The authors discuss the search process at length, but they don’t hold out great hopes for perfecting it. They admit that good selection depends on luck and they modestly observe that even following their recommendations is not a “guaranteed path to success.” (Their discussion of the search process is titled “Averting the Train Wreck.”)
The board of trustees is so much of the problem that the authors think that before a board goes looking for a leader, it should investigate itself—“evaluate its own structure, operations, and performance as part of the institutional leadership structure.” It should use an outside consultant and, if warranted, change practices before the search begins.
Searches can go awry in many ways.
Too often, the search begins with too-high hopes—“self-delusion.” Boards think that they can find the best possible person for the job. They should be much less ambitious, the authors say, and just try to find someone who can do the job well.
Then, search committees are often selected for “demographic optics”—that is, they include a diverse array of university “stakeholders” such as faculty, alumni, even students. In assessing candidates, those stakeholders tend to reflect the interests of their supporters. The result may be settling on a candidate who offends no one.

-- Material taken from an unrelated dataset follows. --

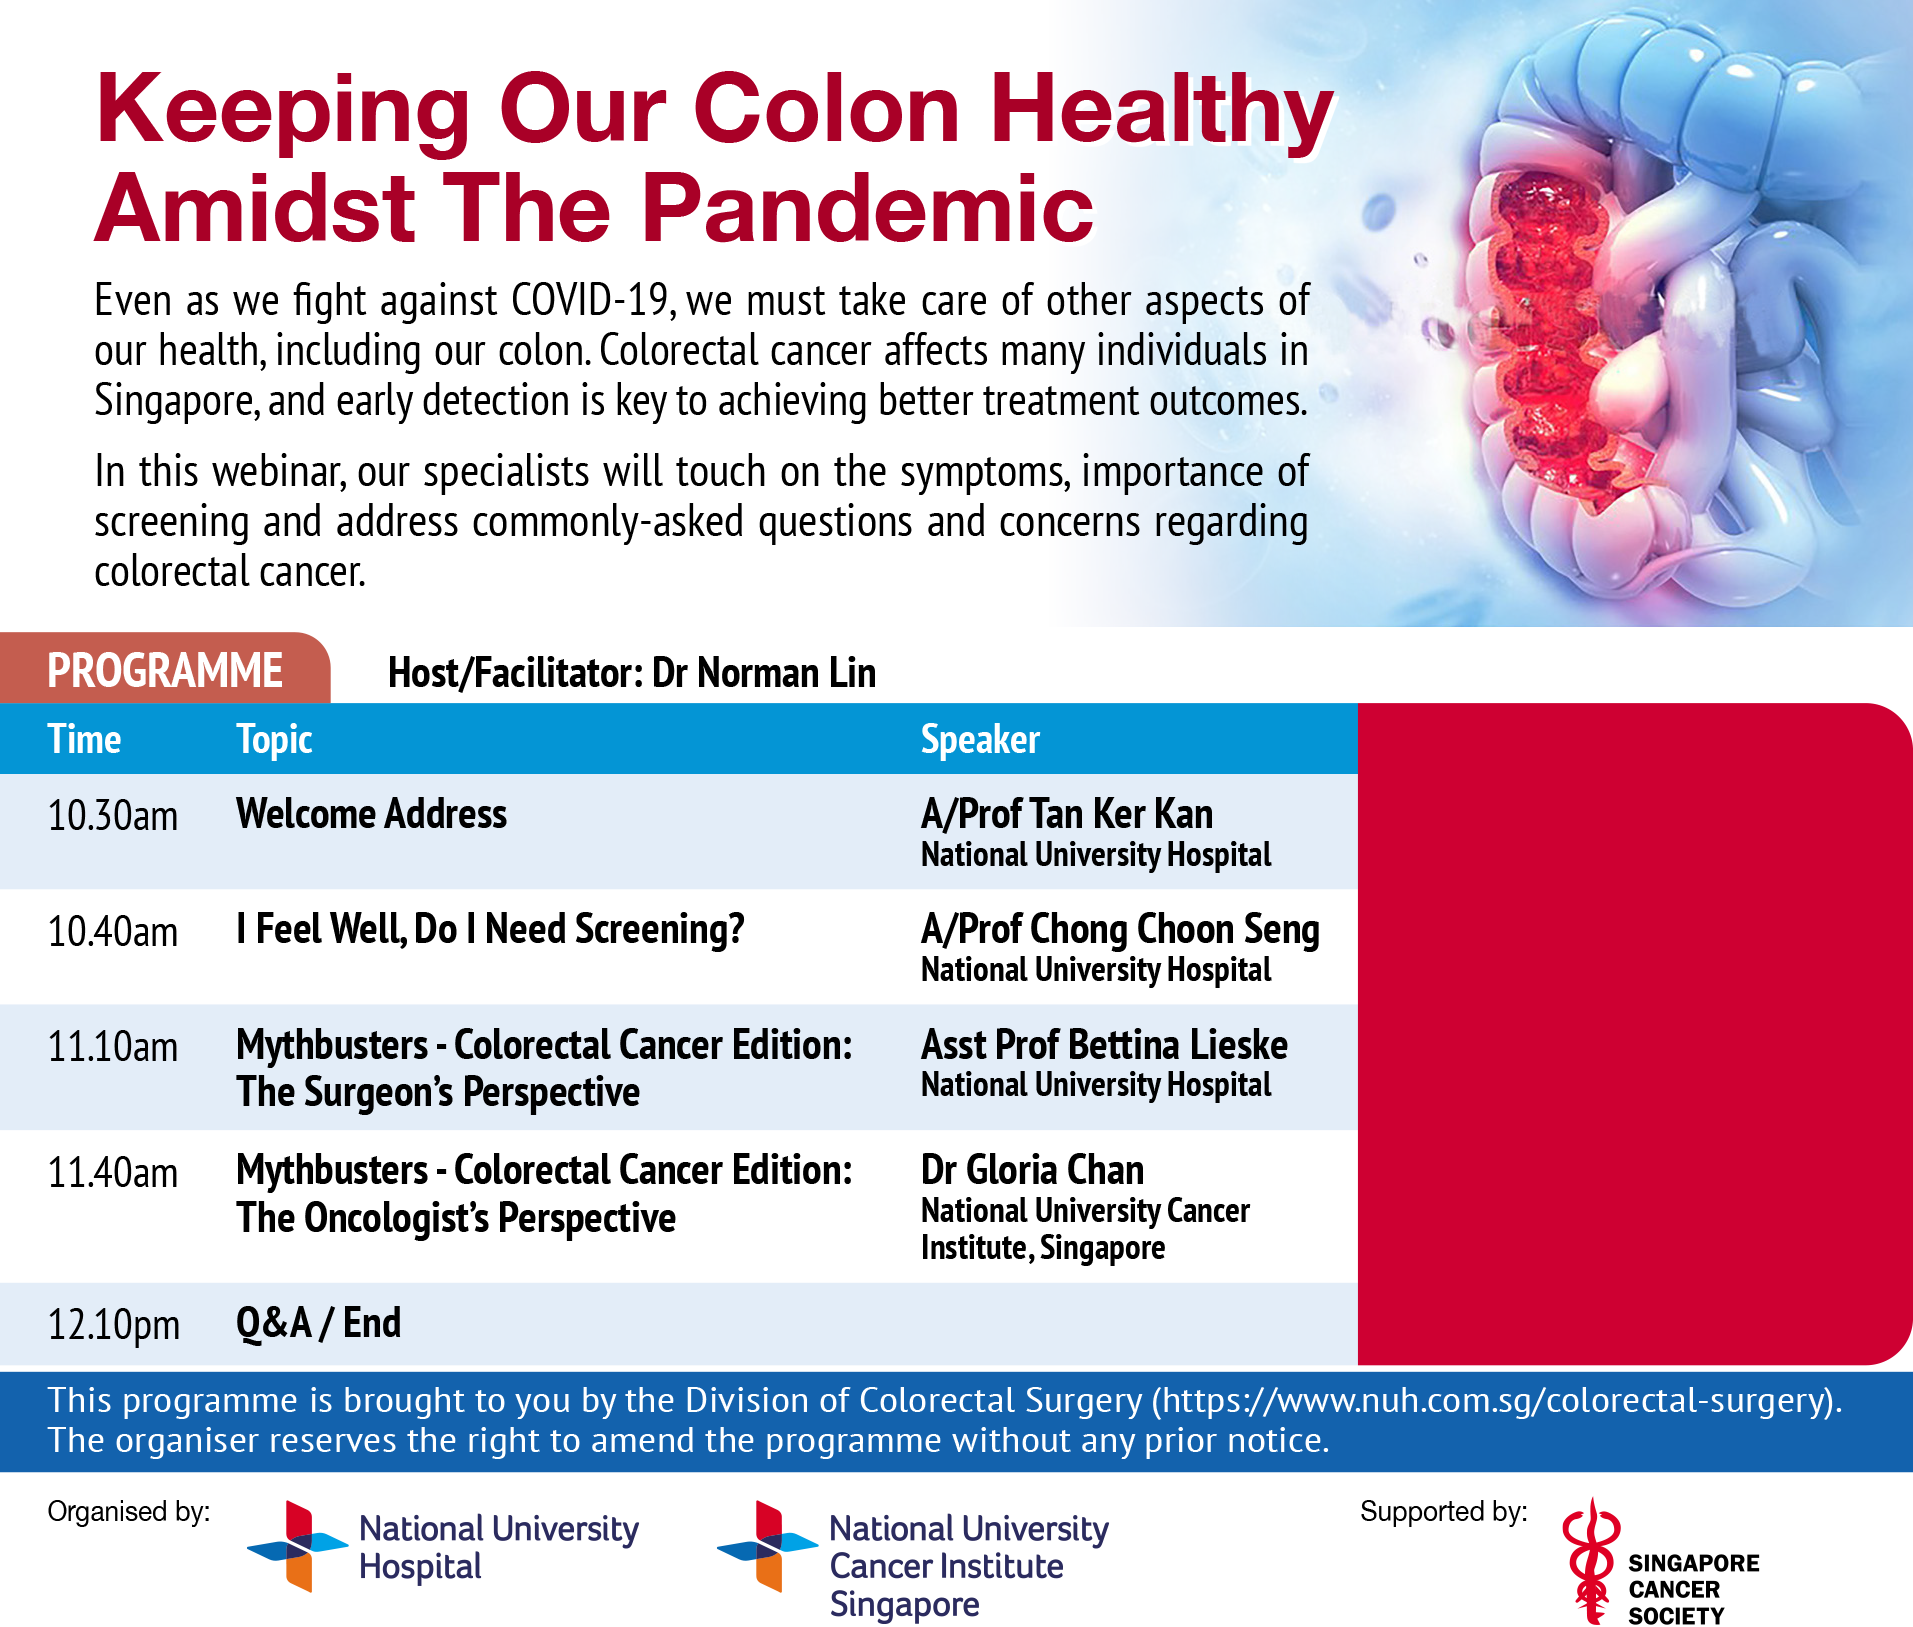 Keeping our Colon Healthy
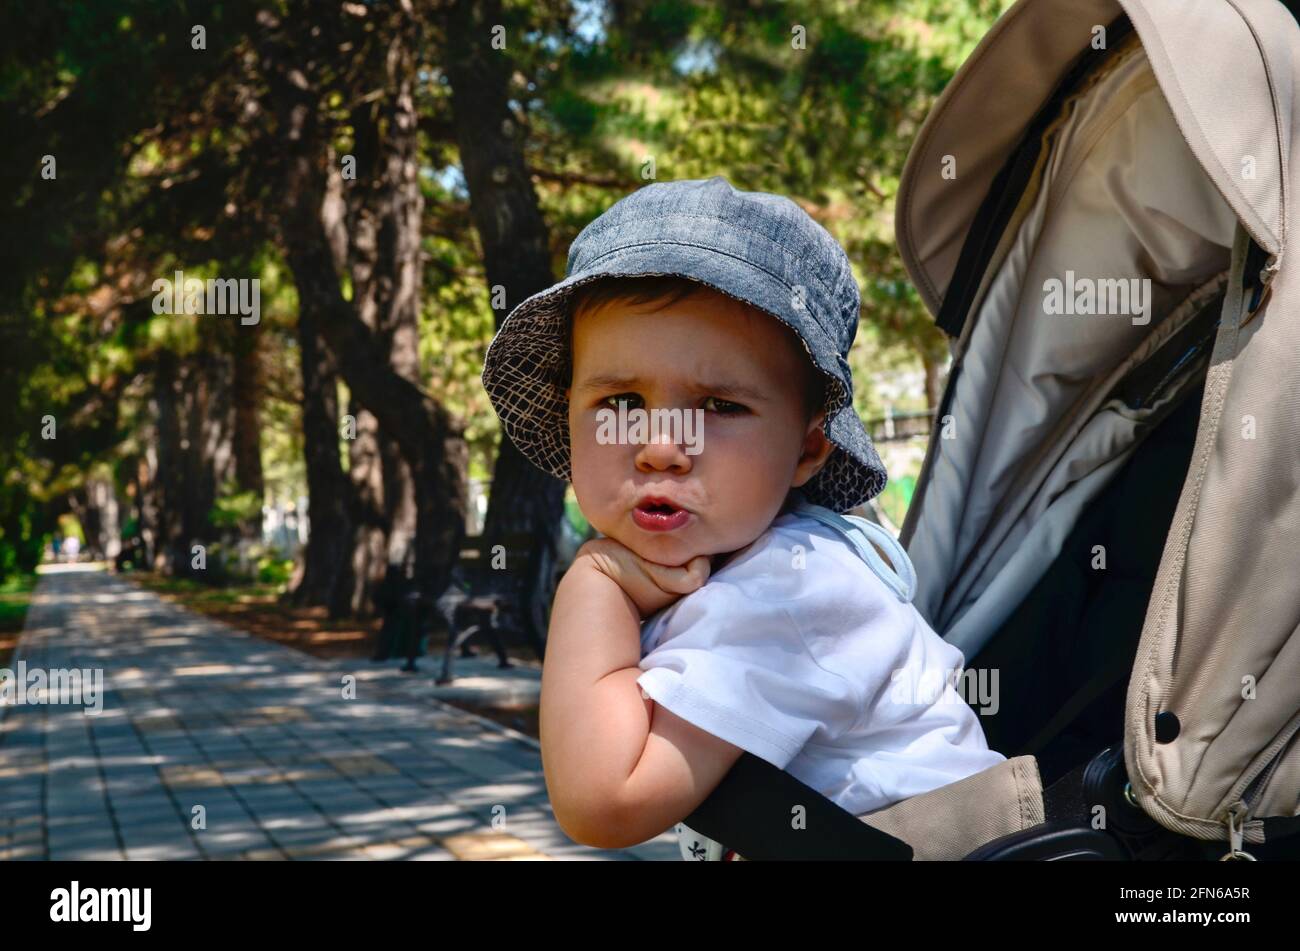 The child sits in a stroller and stares indignantly at the camera, on a walk in a pine park, stopping at the beginning of a shady alley. Stock Photo

Frequently board members don’t agree on what the job entails. They put together a job description that is “generic, rather than specific.”
Trachtenberg et al. believe that each school has its own “institutional realities and aspirations”—that is, unique problems and unique hopes for solving them. Those distinctive characteristics should guide the selection of the next president but often they do not. Sometimes boards are too caught up in their own interests (and conflicts of interest) to see what makes the organization unique.
Added to that ignorance is “groupthink.” Members find they are more comfortable when they are in agreement. Under pressure to start reducing the pool of what could be fifty plausible candidates, the group may start eliminating candidates prematurely.
So the authors offer specific suggestions.
- Searchers should “shed the Panglossian notion that they will find the best of all presidents for their institution.” They should concentrate on finding the best of the available lot through hard work and careful study. They should not expect too much.
- Committees should be small and “comprised of individuals with experience in senior level hiring decisions.” While the process should have “inclusive representation of campus stakeholders” (e.g., faculty, students, alumni) those stakeholders should not serve on the committee.
- At the very least, there should be “consensus around essential and desirable characteristics” of the next president.
- The committee should dig deep to detect personal failings. “[T]he more information a search committee can harvest about a candidate’s interpersonal skills, the better.” That may require campus visits and listening to gossip—without accepting everything heard at face value, of course.
- Investigation should go beyond personal character to understand the “leadership style” of each candidate. The selected person’s style should be “well-suited to the culture and context of the institution.”
Once the candidate is chosen, boards frequently leave some loose ends, such as not clarifying the role of the spouse. In three of the 25 derailments in 2009, actions by the president’s wife contributed to the turmoil. Other lapses include failing to clarify the boundary between the president’s and the board’s role and failing to fully inform the candidate of the school’s financial status.
And even if all these loose ends are tied up, there is one more task: smoothing the transition.
A critical part of the board’s job is to help the new person settle into the position. The authors go so far as to suggest that the board give the president some discretionary money to satisfy requests from “stakeholders,” especially faculty. Such a discretionary fund underscores the fact that transition can be difficult, especially when the new president follows a popular long-time leader.
In sum, there are too many “derailed presidencies,” and trustees need to make sure theirs isn’t one of them.